Un gros engin avec des roues énormes et une pelle gigantesque aplanit d'abord la plage en lui donnant un aspect incurvé style ile du Pacifique. Puis les ouvriers disposent un fil guide tendu entre deux pieux en fer pour marquer l'emplacement de la future allée rectiligne de planches. Ils posent ces planches le long de ce fil. Ils commencent par le haut de la plage et redescendent vers la mer.

La voie de planches est constituée de modules carrés de 2m sur 2 environ, formées de planches, disposées les unes à la suite des autres. Une fois qu'ils ont posé un module à plat sur le sable, les ouvriers sautent dessus pour renforcer son assise sur le sol ; ainsi, l'allée est juste posée sur la plage.
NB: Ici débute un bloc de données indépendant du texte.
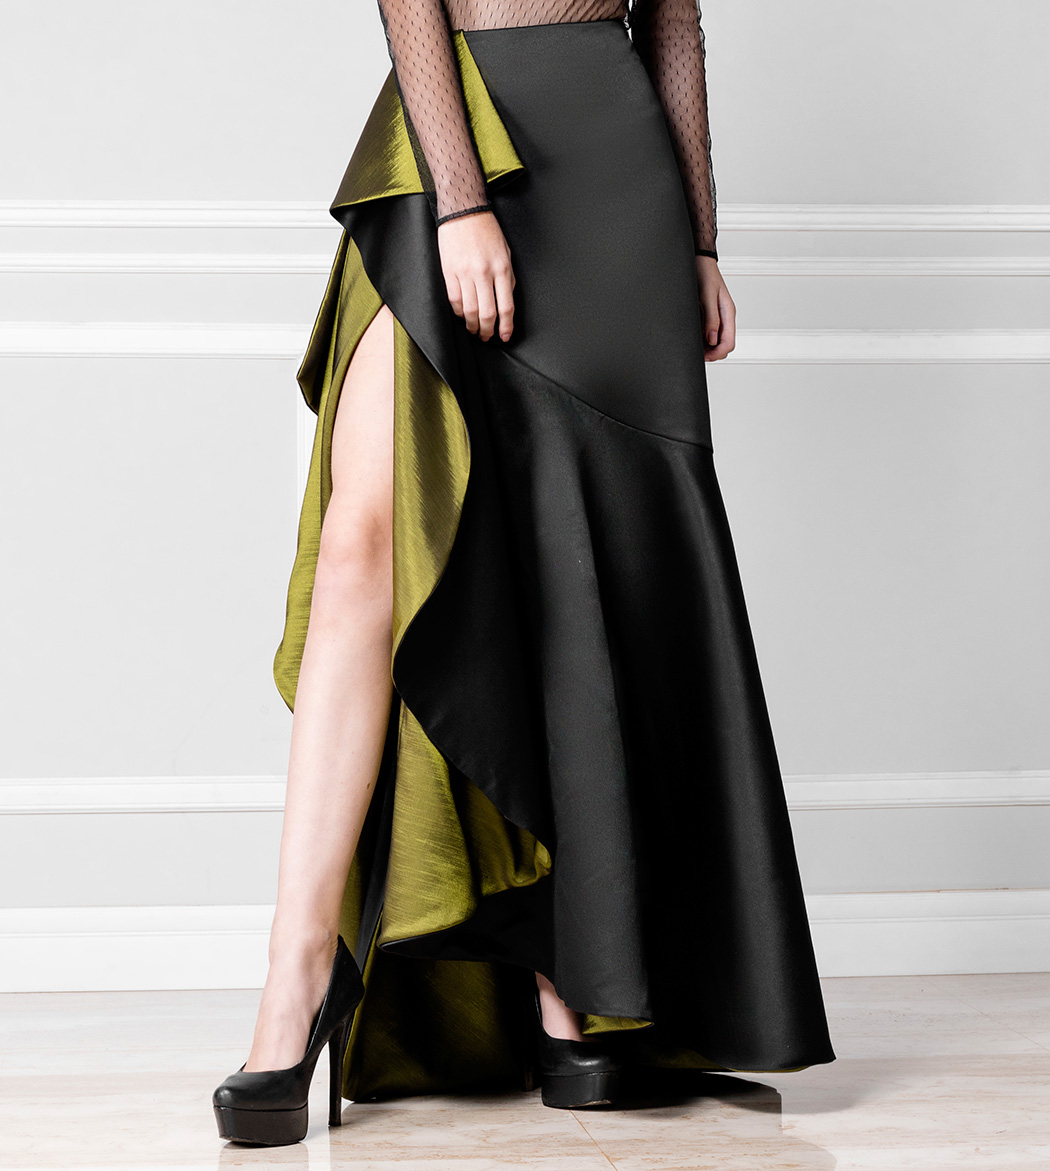 Falda negra con volantes verdes — Nathalia Forkin dcef7062e1b5

Travailleurs d'aménagements de la plage de Soulac-sur-Mer.JPG

Pendant le travail les hommes parlent entre eux ; un autre groupe vient les voir et ils discutent. Ça n'empêche pas le rythme d'être assez suivi.

Quelques fois, une planche est abimée. Les ouvriers la réparent, mais ils n'ont pas d'outils prévus pour ça. Alors ils utilisent un rateau pour enfoncer un clou, ou une pelle pour extraire une planche. C'est le règne de la débrouille, mais ils ont l'air de connaître leur boulot : ils agissent calmement, posément, à propos.

Et puis mon appareil photo est tombé en panne de batterie. Je n'ai même pas pu photographier les planches elles-mêmes, alors que j'en avais parlé aux ouvriers. Rien ne s'est passé comme prévu.